See if I can't syphon from the tank to the sink, as Goldie suggested to use the filter pump to get it going, could I just somehow attach the hose to the pump and let it do the work, or is this what you kinda meant?


----------



## Morgan Freeman (Jan 14, 2009)

Just buy a strong pump, run the outflow to the sink/garden and wait for it to be done.

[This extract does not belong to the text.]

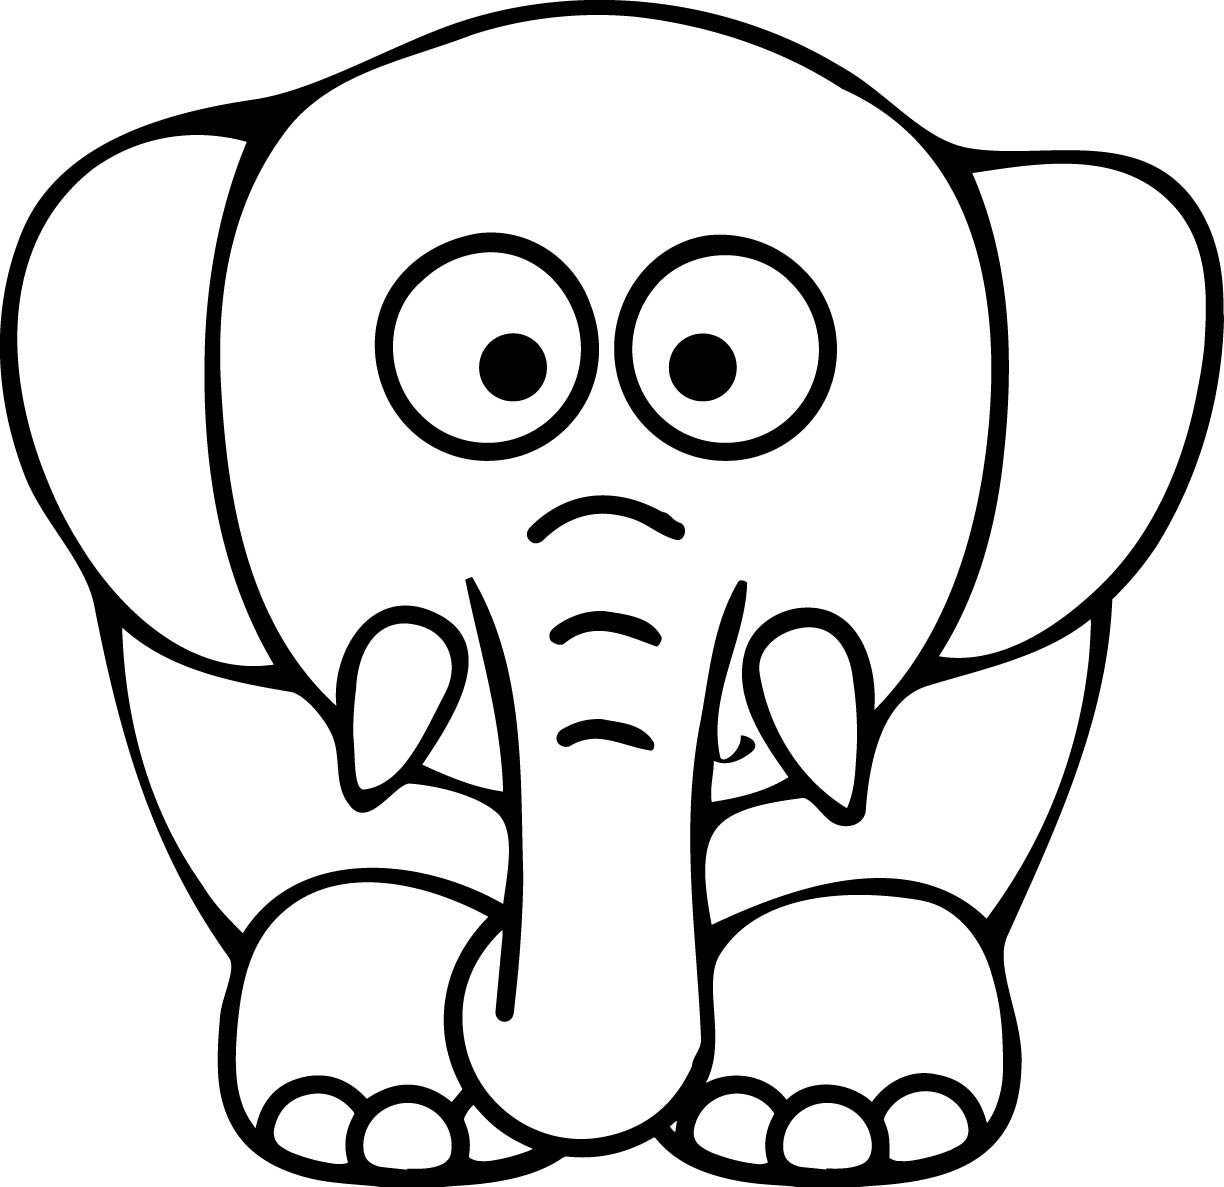 Elephant Face Coloring Pages at GetColorings.com | Free ...

When it's emptied reverse the process, maybe fill the bath up with dechlorinated water and run the pump from that. If not a large holding bucket.


----------



## scottishsany (Nov 5, 2009)

*buckets*

the big buckets your talking about that holds i think 45 liters is in aldis for less than £4 with the two handle's great buy sandy:2thumb:


----------



## HABU (Mar 21, 2007)

jeez! a syphon will pull 5 gallons of water out in about a minute...

that's not fast enough?


----------



## jo-jo-beans (Jun 28, 2010)

scottishsany said:


> the big buckets your talking about that holds i think 45 liters is in aldis for less than £4 with the two handle's great buy sandy:2thumb:


45 litres????

I'd need to hire someone to lift it for me :lol2:
I'd end up dragging it and I'm guessing it would slosh everywhere :devil:

Suppose I don't really need to fill it up. Thanks sandy, it really is quite a bargain.


----------



## HABU (Mar 21, 2007)

stupid liters...










5 gallon bucket... about 19 litres... takes a minute to fill with a syphon...


----------



## jo-jo-beans (Jun 28, 2010)

HABU said:


> stupid liters...
> 
> image
> 
> 5 gallon bucket... about 19 litres... takes a minute to fill with a syphon...


Looks heavy.

IM JUST A WEAK GIRLIE!!!!!!!!!! :lol2:


----------



## matthew_harwood (Mar 12, 2005)

bit expensive but a one time purchase these are perfect for water changes, 

Halfords | 40 Litre Aqua Roll

Halfords | Wastemaster

I use RO in my tank so put all my waste into a water butt, this way means its cost me nothing to do water changes as this water is used on the garden as it would need to be watered anyway. These are really easy to use.

regards

matt


----------



## HABU (Mar 21, 2007)

get a python...











Python No Spill Aquarium Maintenance System. William Tricker, Inc.®


----------



## Andy82 (Mar 8, 2011)

I syphon my 160l into the back garden, putting a net under the water as I've had a few neon tetras try and make a bid for freedom.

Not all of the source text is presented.